NominatimLite - the database
Quite a bit has happened in the last years to make Nominatim work well with with less powerful hardware. One aspect of this is keeping its database small. But is it small enough that Nominatim fits into a tiny SQLite database? With the newly introduced SQLAlchemy, we can find out.
SQLAlchemy is a very fine piece of software and a powerful library for anybody who needs to work with SQL databases in Python. It can be used as a fully-featured ORM or as a simple SQL toolkit. It’s doing quite a good job in integrating SQL queries with Python code. For the frontend renovation project, it will replace the many lines of hand-written SQL. The library also functions as an abstraction layer between the SQL dialects offered by the different SQL databases. This makes it easy to start playing around with other databases, in our case SQLite.
Database-agnostic table schemas
Since about a week, Nominatim’s master branch contains SQLAlchemy table definitions, for Nominatim’s search tables. They were generated semi-automatically with the help of the sqlacodegen tool from an existing Nominatim database. Reviewing the code, we find that Nominatim uses three column types that are PostgreSQL-specific:
- HSTORE - a simple key-value store
- INTARRAY - an array of integers
- JSONB - a more compact binary representation of a json composite type
Luckily all these types can be easily represented by the JSON composite datatype which is natively supported by SQLite. So, a little bit of type-aliasing makes the table definition usable for PostgreSQL and SQLite:
if engine_name == 'postgresql':
Composite: Any = HSTORE
Json: Any = JSONB
IntArray: Any = ARRAY(Integer)
elif engine_name == 'sqlite':
Composite = JSON
Json = JSON
IntArray = JSON
Nominatim builds on a PostGIS database. So for SQLite we also need its geospatial variant SpatialLite. The geospatial extension GeoAlchemy2 supports SpatialLite out-of-the-box, so no adaptions were needed to the table schema with regard to geometries.
Dumping Nominatim into SpatialLite
Now that we have a schema that works with both database flavours, we can write a simple script to copy data over row by row:
import sqlalchemy as sa
# Access and schema in source database
indb = sa.create_engine('postgresql:///nominatim')
inmeta = sa.MetaData()
SearchTables(inmeta, 'postgresql')
# Access and schema in destination database
outdb = sa.create_engine('sqlite:///nominatim.sqlite'))
outmeta = sa.MetaData()
SearchTables(outmeta, 'sqlite')
with indb.begin() as inconn, outdb.begin() as outconn:
# Create the tables in our destination database.
outmeta.create_all(outconn)
# Copy all tables row for row.
for table in inmeta.sorted_tables:
print(f"Copying '{table}'")
for row in inconn.execute(table.select()):
params = row._asdict()
if 'class' in params:
params['class_'] = params['class']
outconn.execute(outmeta.tables[table.key].insert(), params)

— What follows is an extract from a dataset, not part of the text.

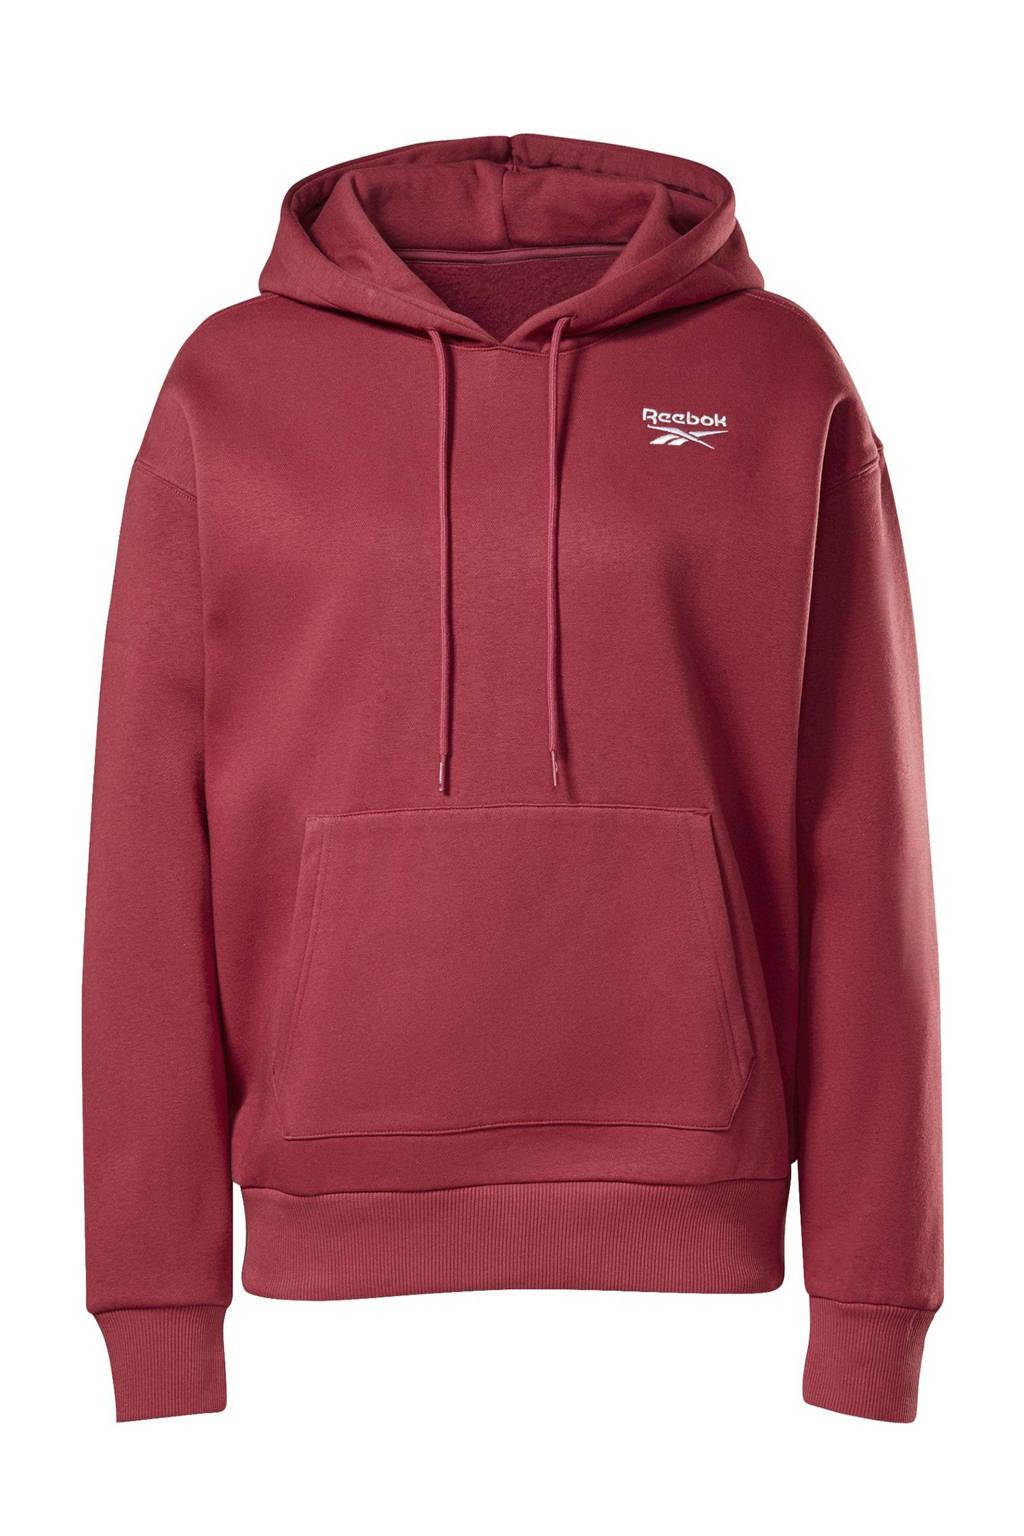 Reebok Classics fleece hoodie fuchsia, Fuchsia
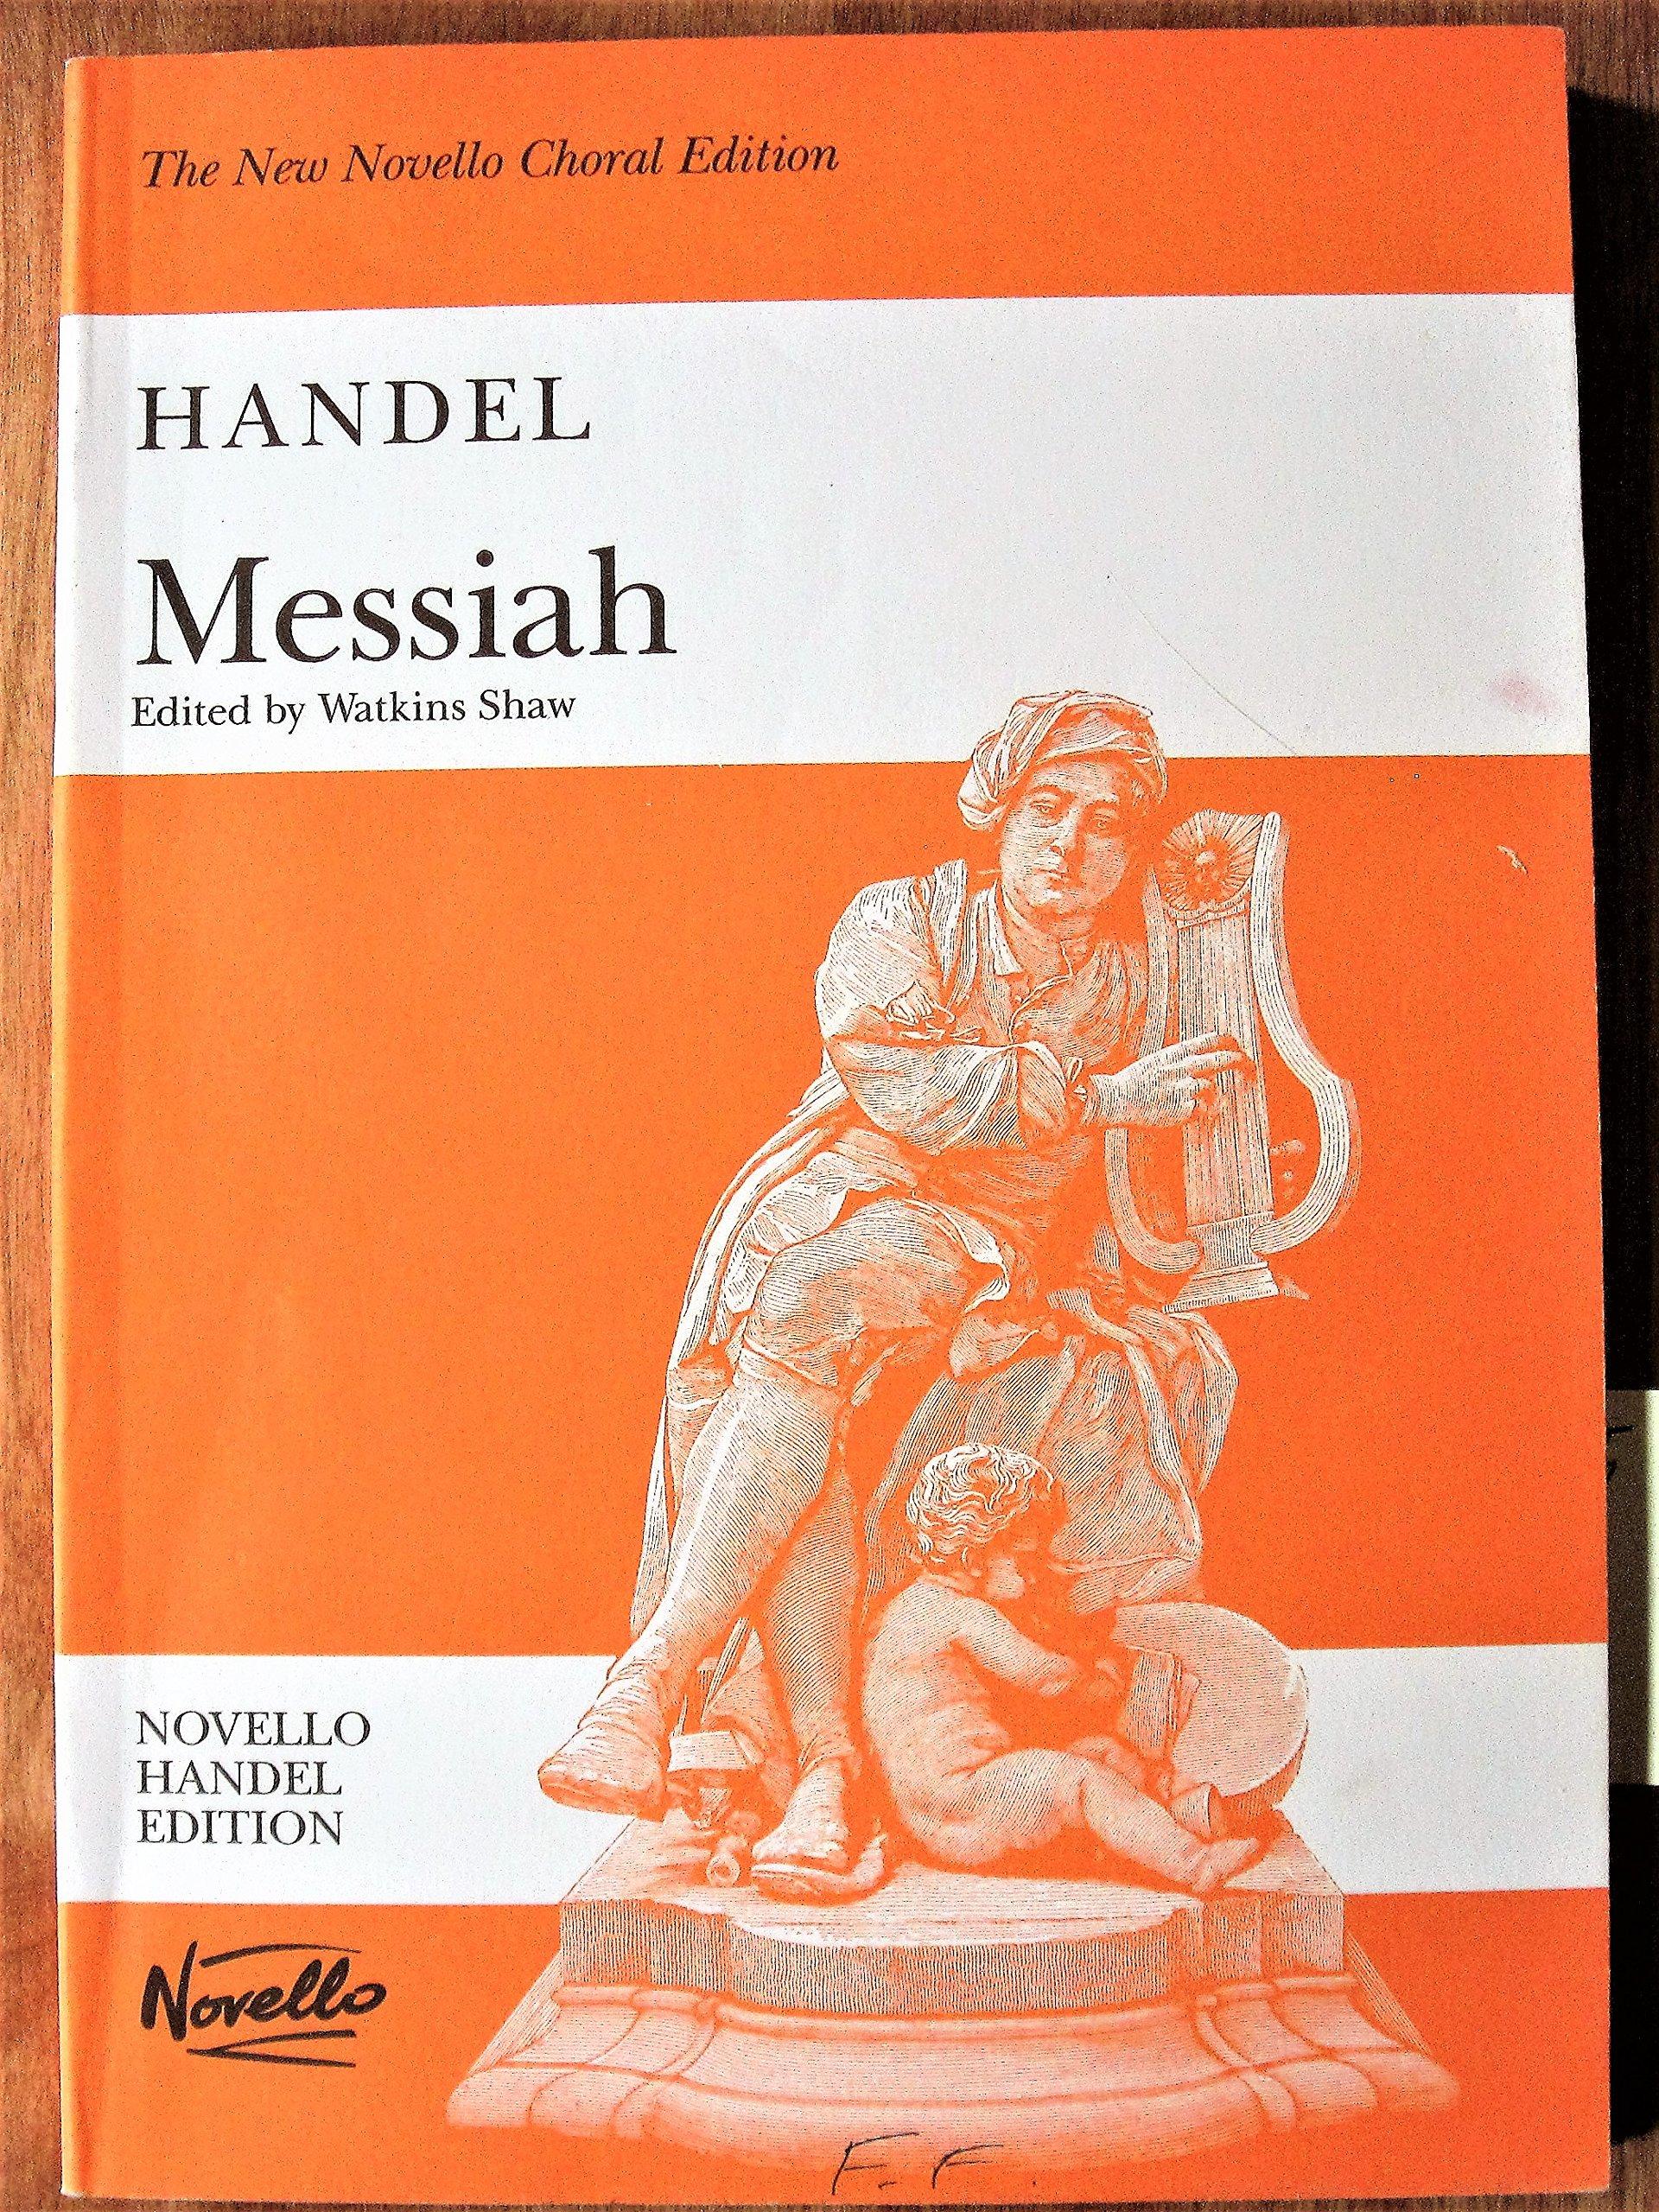 Handel: messiah the new novello choral edition promusica cork.

That’s almost it. SpatialLite is an extension to the standard SQLite database and needs a bit of additional setup before it can be used. GeoAlchemy2 has the details. To make the code above work, add SpatialLite initialisation as follows:
def load_spatialite(dbapi_conn, connection_record):
dbapi_conn.enable_load_extension(True)
dbapi_conn.load_extension('/usr/lib/x86_64-linux-gnu/mod_spatialite.so')
sa.event.listen(outdb, 'connect', load_spatialite)
with outdb.begin() as conn:
conn.execute(sa.select(sa.func.InitSpatialMetaData()))
A Nominatim database of Liechtenstein (around 100MB) can be converted in about 30s. That’s not bad for such a simplistic dump script.
A quick check with QGIS confirms that the geospatial data shows up as expected:
What you see here are the fallback geometries for countries. Nominatim uses them in places, where no other data is available. That is why there is global coverage for countries. If we zoom in into Liechtenstein’s capital Vaduz, we can see that the other data has been converted successfully as well including names:
Ready to use? Not quite.
This was a first experiment with Nominatim and SQLite. It’s not the final database yet. The table schema definitions do not yet contain the proper definitions for indexes, so SQLAlchemy will have defined a couple of indexes but not the ones actually needed for searching. In fact, indexes are going to be one of the major challenges going ahead. The main search index in Nominatim is implemented as an index over the INTARRAY type. It functions as an efficient replacement for an inverted index. For SQLite we will have to come up with a different solution.
In the coming months we port the forward and backward search functions to SQLAlchemy and Python. This will be the true reality check for NominatimLite.